Finding The Output

Question 21 :

What will be the output of the program?

public class Test138 
{ 
    public static void stringReplace (String text) 
    {
        text = text.replace ('j' , 'c'); /* Line 5 */
    } 
    public static void bufferReplace (StringBuffer text) 
    { 
        text = text.append ("c");  /* Line 9 */
    } 
    public static void main (String args[]) 
    { 
        String textString = new String ("java"); 
        StringBuffer textBuffer = new StringBuffer ("java"); /* Line 14 */
        stringReplace(textString); 
        bufferReplace(textBuffer); 
        System.out.println (textString + textBuffer); 
    } 
}


A). java
B). javac
C). javajavac
D). Compile error
Answer : Option C

Explanation :

A string is immutable, it cannot be changed, that's the reason for the StringBuffer class. The stringReplace method does not change the string declared on line 14, so this remains set to "java".

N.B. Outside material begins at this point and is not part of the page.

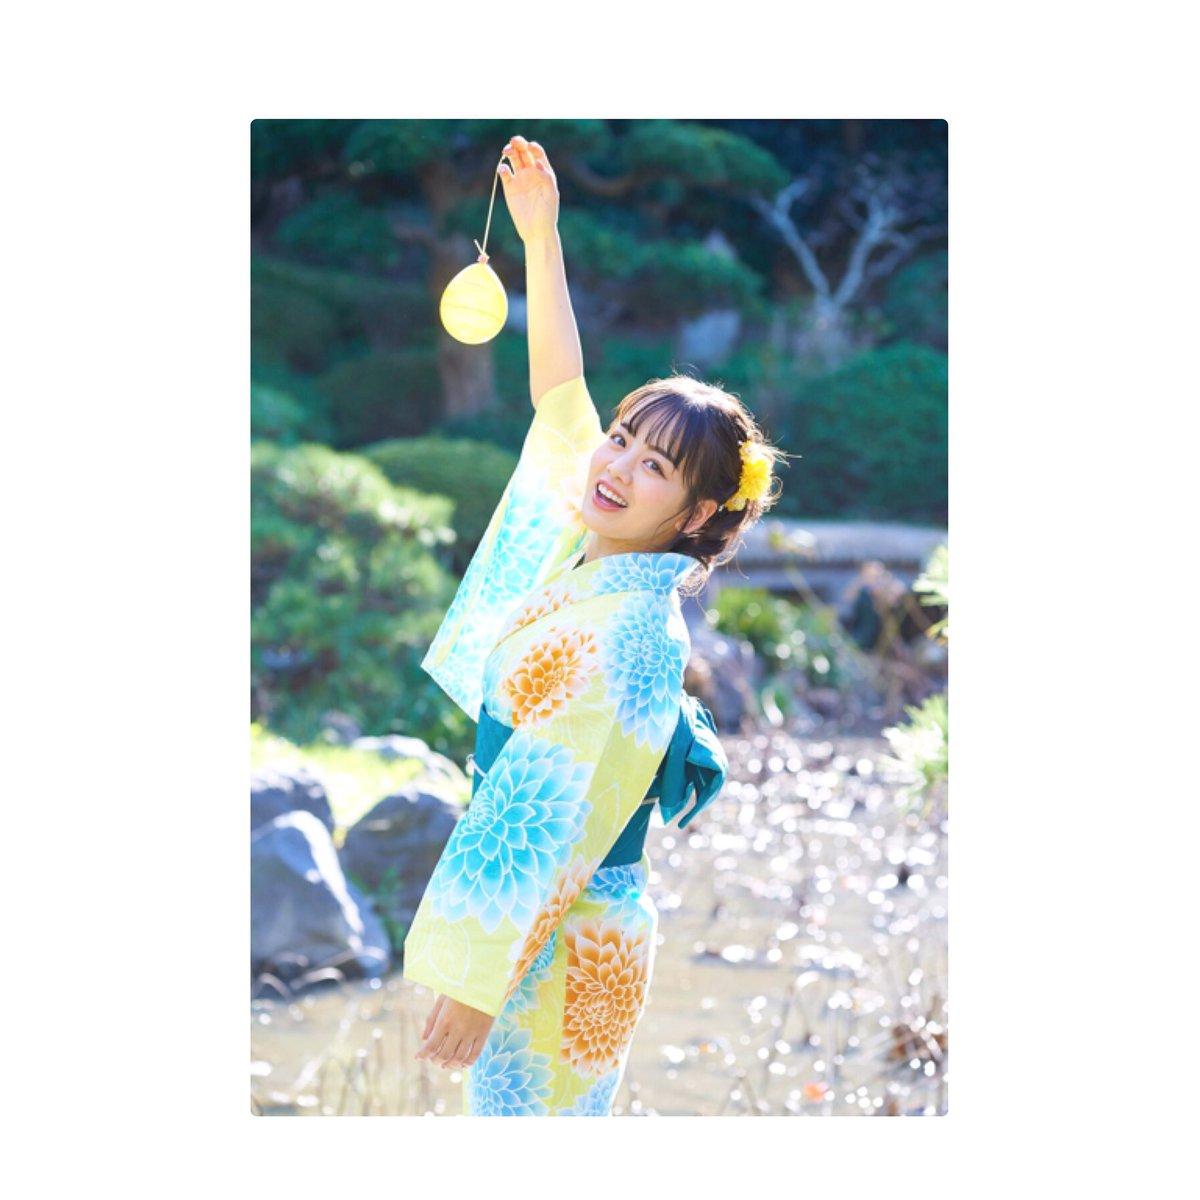 test ツイッターメディア - 2020年度の スクールカレンダーを 発売出来ることになりました!  本当に嬉しいです💞 月毎に違う雰囲気を 楽しんでもらえたら嬉しいです。  ぜひ見てください🙇♂️💗 photographer:岡本武志さん stylist:有咲さん hair&make :藤原季里さん  東京ニュース通信社さん ありがとうございます︎︎☺︎ https://t.co/68tPChVT03

Method parameters are always passed by value - a copy is passed into the method - if the copy changes, the original remains intact, line 5 changes the reference i.e. text points to a new String object, however this is lost when the method completes. The textBuffer is a StringBuffer so it can be changed.

This change is carried out on line 9, so "java" becomes "javac", the text reference on line 9 remains unchanged. This gives us the output of "javajavac"


Question 22 :

What will be the output of the program?

class Tree { } 
class Pine extends Tree { } 
class Oak extends Tree { } 
public class Forest1 
{ 
    public static void main (String [] args)
    { 
        Tree tree = new Pine(); 
        if( tree instanceof Pine ) 
            System.out.println ("Pine"); 
        else if( tree instanceof Tree ) 
            System.out.println ("Tree"); 
        else if( tree instanceof Oak ) 
            System.out.println ( "Oak" ); 
        else 
            System.out.println ("Oops "); 
    } 
}


A). Pine
B). Tree
C). Forest
D). Oops
Answer : Option A

Explanation :

The program prints "Pine".


Question 23 :

What will be the output of the program?

String d = "bookkeeper";
d.substring(1,7);
d = "w" + d;
d.append("woo");  /* Line 4 */
System.out.println(d);


A). wookkeewoo
B). wbookkeeper
C). wbookkeewoo
D). Compilation fails.
Answer : Option D

Explanation :

In line 4 the code calls a StringBuffer method, append() on a String object.


Question 24 :

What will be the output of the program?

String a = "ABCD"; 
String b = a.toLowerCase(); 
b.replace('a','d'); 
b.replace('b','c'); 
System.out.println(b);


A). abcd
B). ABCD
C). dccd
D). dcba
Answer : Option A

Explanation :

String objects are immutable, they cannot be changed, in this case we are talking about the replace method which returns a new String object resulting from replacing all occurrences of oldChar in this string with newChar.

b.replace(char oldChar, char newChar);

But since this is only a temporary String it must either be put to use straight away i.e.

System.out.println(b.replace('a','d'));
Or a new variable must be assigned its value i.e.
String c = b.replace('a','d');


Question 25 :

What will be the output of the program?

public class ExamQuestion6 
{
    static int x; 
    boolean catch()
    {
        x++; 
        return true; 
    } 
    public static void main(String[] args)
    {
        x=0; 
        if ((catch() | catch()) || catch()) 
            x++; 
        System.out.println(x); 
    } 
}


A). 1
B). 2
C). 3
D). Compilation Fails
Answer : Option D

Explanation :

Initially this looks like a question about the logical and logical shortcut operators "|" and "||" but on closer inspection it should be noticed that the name of the boolean method in this code is "catch". "catch" is a reserved keyword in the Java language and cannot be used as a method name. Hence Compilation will fail.